Dataset items

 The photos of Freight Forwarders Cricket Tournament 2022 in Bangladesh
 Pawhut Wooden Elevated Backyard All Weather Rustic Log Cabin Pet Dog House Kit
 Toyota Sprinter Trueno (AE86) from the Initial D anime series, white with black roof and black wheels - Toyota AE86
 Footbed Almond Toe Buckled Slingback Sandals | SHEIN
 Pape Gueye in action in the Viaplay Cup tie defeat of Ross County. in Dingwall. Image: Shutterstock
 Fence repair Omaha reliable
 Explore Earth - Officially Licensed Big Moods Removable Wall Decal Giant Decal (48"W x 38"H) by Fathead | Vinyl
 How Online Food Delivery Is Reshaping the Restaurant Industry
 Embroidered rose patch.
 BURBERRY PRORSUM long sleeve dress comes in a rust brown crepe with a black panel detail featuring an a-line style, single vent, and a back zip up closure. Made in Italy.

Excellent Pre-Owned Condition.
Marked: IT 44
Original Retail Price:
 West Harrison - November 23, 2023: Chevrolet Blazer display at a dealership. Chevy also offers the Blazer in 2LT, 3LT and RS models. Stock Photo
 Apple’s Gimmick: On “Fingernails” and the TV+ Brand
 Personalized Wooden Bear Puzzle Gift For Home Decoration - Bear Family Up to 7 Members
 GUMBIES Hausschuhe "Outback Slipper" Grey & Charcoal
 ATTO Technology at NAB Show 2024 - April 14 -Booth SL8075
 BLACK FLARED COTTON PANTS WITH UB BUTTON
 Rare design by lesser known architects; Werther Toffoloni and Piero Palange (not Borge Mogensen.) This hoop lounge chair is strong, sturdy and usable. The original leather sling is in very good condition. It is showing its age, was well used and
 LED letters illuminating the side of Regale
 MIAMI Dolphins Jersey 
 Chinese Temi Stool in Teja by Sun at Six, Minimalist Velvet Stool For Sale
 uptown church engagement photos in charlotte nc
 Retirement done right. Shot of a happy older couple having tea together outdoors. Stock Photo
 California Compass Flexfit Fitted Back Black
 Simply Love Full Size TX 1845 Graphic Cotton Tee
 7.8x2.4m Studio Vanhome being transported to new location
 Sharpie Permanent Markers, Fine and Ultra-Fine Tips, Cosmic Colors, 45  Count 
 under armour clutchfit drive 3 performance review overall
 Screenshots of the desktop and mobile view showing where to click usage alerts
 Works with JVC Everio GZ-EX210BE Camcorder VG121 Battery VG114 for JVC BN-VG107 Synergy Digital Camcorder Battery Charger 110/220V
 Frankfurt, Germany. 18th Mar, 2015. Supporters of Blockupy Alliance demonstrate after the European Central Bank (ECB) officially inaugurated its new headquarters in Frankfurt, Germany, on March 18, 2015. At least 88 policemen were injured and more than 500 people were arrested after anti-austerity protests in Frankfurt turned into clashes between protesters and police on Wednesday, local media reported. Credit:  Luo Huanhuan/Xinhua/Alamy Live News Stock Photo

**Task goal**
Write the data out again, verbatim.

**Response to the task**
 The photos of Freight Forwarders Cricket Tournament 2022 in Bangladesh
 Pawhut Wooden Elevated Backyard All Weather Rustic Log Cabin Pet Dog House Kit
 Toyota Sprinter Trueno (AE86) from the Initial D anime series, white with black roof and black wheels - Toyota AE86
 Footbed Almond Toe Buckled Slingback Sandals | SHEIN
 Pape Gueye in action in the Viaplay Cup tie defeat of Ross County. in Dingwall. Image: Shutterstock
 Fence repair Omaha reliable
 Explore Earth - Officially Licensed Big Moods Removable Wall Decal Giant Decal (48"W x 38"H) by Fathead | Vinyl
 How Online Food Delivery Is Reshaping the Restaurant Industry
 Embroidered rose patch.
 BURBERRY PRORSUM long sleeve dress comes in a rust brown crepe with a black panel detail featuring an a-line style, single vent, and a back zip up closure. Made in Italy.

Excellent Pre-Owned Condition.
Marked: IT 44
Original Retail Price:
 West Harrison - November 23, 2023: Chevrolet Blazer display at a dealership. Chevy also offers the Blazer in 2LT, 3LT and RS models. Stock Photo
 Apple’s Gimmick: On “Fingernails” and the TV+ Brand
 Personalized Wooden Bear Puzzle Gift For Home Decoration - Bear Family Up to 7 Members
 GUMBIES Hausschuhe "Outback Slipper" Grey & Charcoal
 ATTO Technology at NAB Show 2024 - April 14 -Booth SL8075
 BLACK FLARED COTTON PANTS WITH UB BUTTON
 Rare design by lesser known architects; Werther Toffoloni and Piero Palange (not Borge Mogensen.) This hoop lounge chair is strong, sturdy and usable. The original leather sling is in very good condition. It is showing its age, was well used and
 LED letters illuminating the side of Regale
 MIAMI Dolphins Jersey 
 Chinese Temi Stool in Teja by Sun at Six, Minimalist Velvet Stool For Sale
 uptown church engagement photos in charlotte nc
 Retirement done right. Shot of a happy older couple having tea together outdoors. Stock Photo
 California Compass Flexfit Fitted Back Black
 Simply Love Full Size TX 1845 Graphic Cotton Tee
 7.8x2.4m Studio Vanhome being transported to new location
 Sharpie Permanent Markers, Fine and Ultra-Fine Tips, Cosmic Colors, 45  Count 
 under armour clutchfit drive 3 performance review overall
 Screenshots of the desktop and mobile view showing where to click usage alerts
 Works with JVC Everio GZ-EX210BE Camcorder VG121 Battery VG114 for JVC BN-VG107 Synergy Digital Camcorder Battery Charger 110/220V
 Frankfurt, Germany. 18th Mar, 2015. Supporters of Blockupy Alliance demonstrate after the European Central Bank (ECB) officially inaugurated its new headquarters in Frankfurt, Germany, on March 18, 2015. At least 88 policemen were injured and more than 500 people were arrested after anti-austerity protests in Frankfurt turned into clashes between protesters and police on Wednesday, local media reported. Credit:  Luo Huanhuan/Xinhua/Alamy Live News Stock Photo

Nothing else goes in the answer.